On May 27, 2021, clients Denise Hobbs and Esther Jones, two women who are among the hundreds who experienced sexual harassment as Cook County Jail employees, held a press conference at HSPRD calling for Sheriff Tom Dart to reach a fair resolution in their lawsuit and to implement polices protecting employees from indecent exposure and masturbation. The women are represented by HSPRD attorneys Caryn C. Lederer, Emily Brown, Karen Villagomez, and paralegal Katie Freund, along with Marni Willenson of Willenson Law, LLC, Noelle Brennan of Noelle Brennan & Associates, Ltd., Shelly Kulwin of Kulwin, Masciopinto & Kulwin, LLP and Ellen Eardley, Joshua Karsh, and Cyrus Mehri of Mehri & Skalet, PLLC.

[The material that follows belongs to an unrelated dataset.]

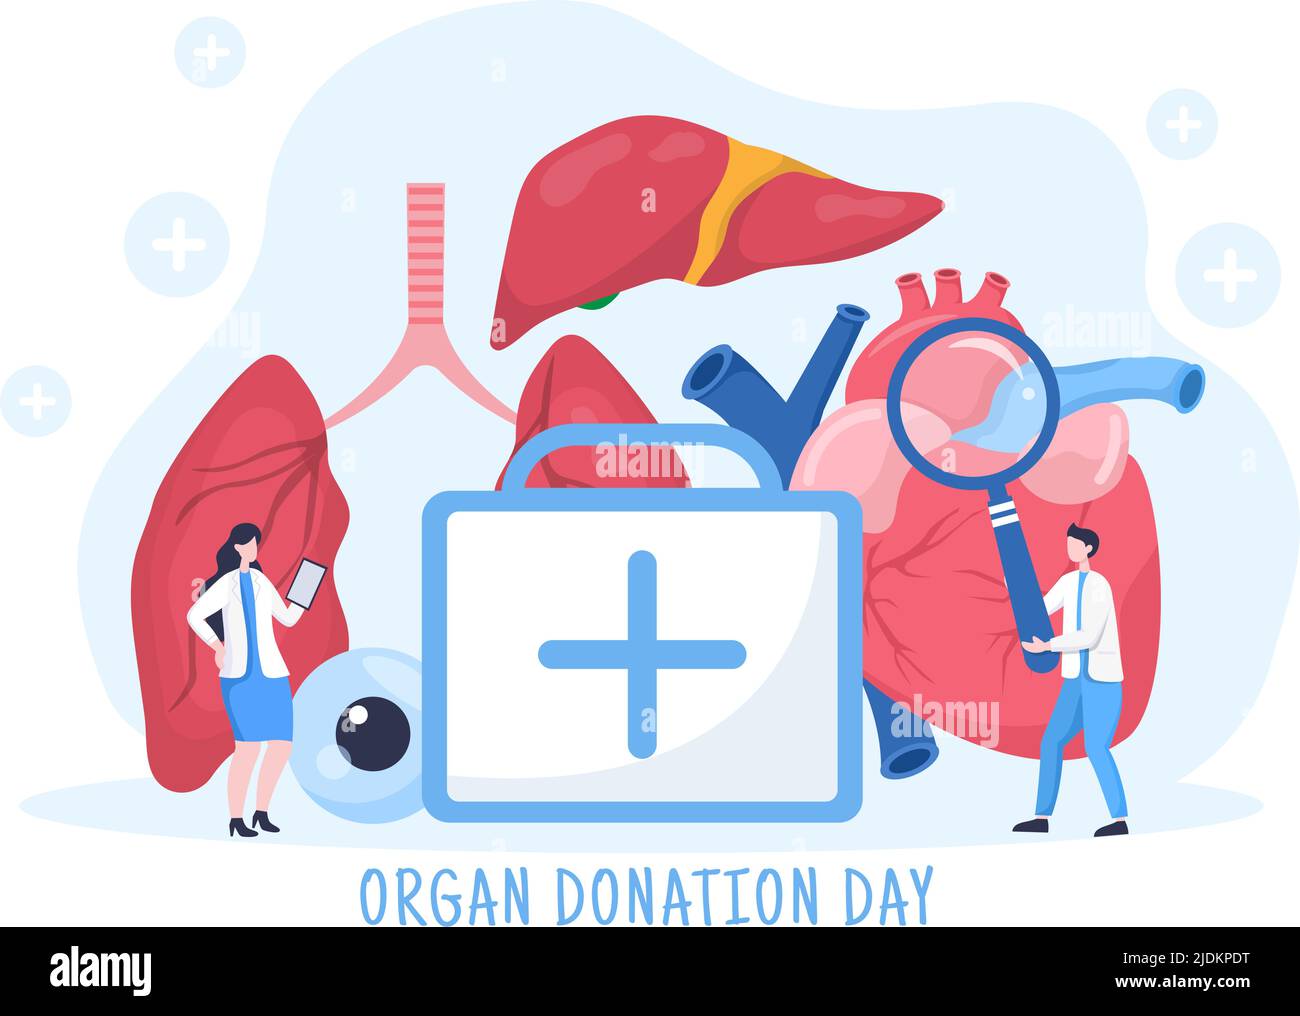 Welttag der Organspende mit Nieren, Herz, Lunge, Augen oder Leber zur Transplantation, Rettung von Leben und Gesundheitsversorgung in flacher Cartoon-Illustration Stock Vektor

Sexual harassment victims filed the lawsuit in 2017, at the same time that a group of women public defenders filed a similar class action suit against the same parties. The Cook County Sheriff’s Office and the Cook County Board of Commissioners settled the public defenders’ case more than a year ago–but the Jail staff are still waiting for their own resolution, which they hope will improve conditions in the Jail.
Denise Hobbs, who grew up on the South Side of Chicago and who had worked in the Corrections Department since 2007, initiated the lawsuit with several other women because of the intolerable conditions she experienced at the Cook County Jail.
“One detainee came up to me during lock-up and said ‘you make my dick hard.’ I reported this to my supervisors and one told me, ‘that’s a compliment,’” said Ms. Hobbs. “Another time I filed a disciplinary report after a detainee masturbated at me but the only response I got was a male officer who had read the report coming up to me and saying, ‘You still got it.’”
“I could easily encounter someone doing an act of sexual harassment each day. It was like this was a norm in the department that you were supposed to get used to,” said Ms. Hobbs. “I’m pursuing this lawsuit in the interests of the other women who are still working there in the unsupportive and toxic environment I experienced.”
The hundreds of women involved in the two lawsuits have all been subjected to extreme sexual harassment by male detainees at the jail and courthouse, including masturbation attacks, an epidemic of indecent exposure, and a barrage of sexualized epithets, sexual vulgarities, and threats of sexual violence. The women say that the County and Sheriffs’ Office have failed to take this harassment seriously, have failed to take meaningful steps to prevent it, and that no women—in any setting—should be subjected to masturbation or sexual threats and sexually harassing comments in the workplace. But, unlike the public defenders’ lawsuit, the Sheriff and County appealed the Jail staff’s class action status, forcing women to individually join the case to pursue their sexual harassment claims.
At the press conference, attorneys for the female Jail staff dispelled false rumors spreading through the Jail that the case is over. The attorneys clarified that the case is, in fact, still headed toward trial, and that Jail staff who have not formally joined the case must do that if they want to be to be included in the case and pursue sexual harassment claims. The attorneys are in the process of contacting well over 1,000 women who work at the Jail and Courthouse to notify them. The judge presiding over the case recently set a July 7, 2021 deadline for women to join the lawsuit.
The number of women joining the suit is ultimately expected to exceed 500 and could be hundreds more. The women work in a wide range of jobs at the Jail (and the adjoining Leighton Courthouse and Cook County Health facilities)—including as correctional officers, courtroom deputies, inmate services workers, law librarians, paramedics, nurses, therapists, and other health care employees at the Cook County Jail.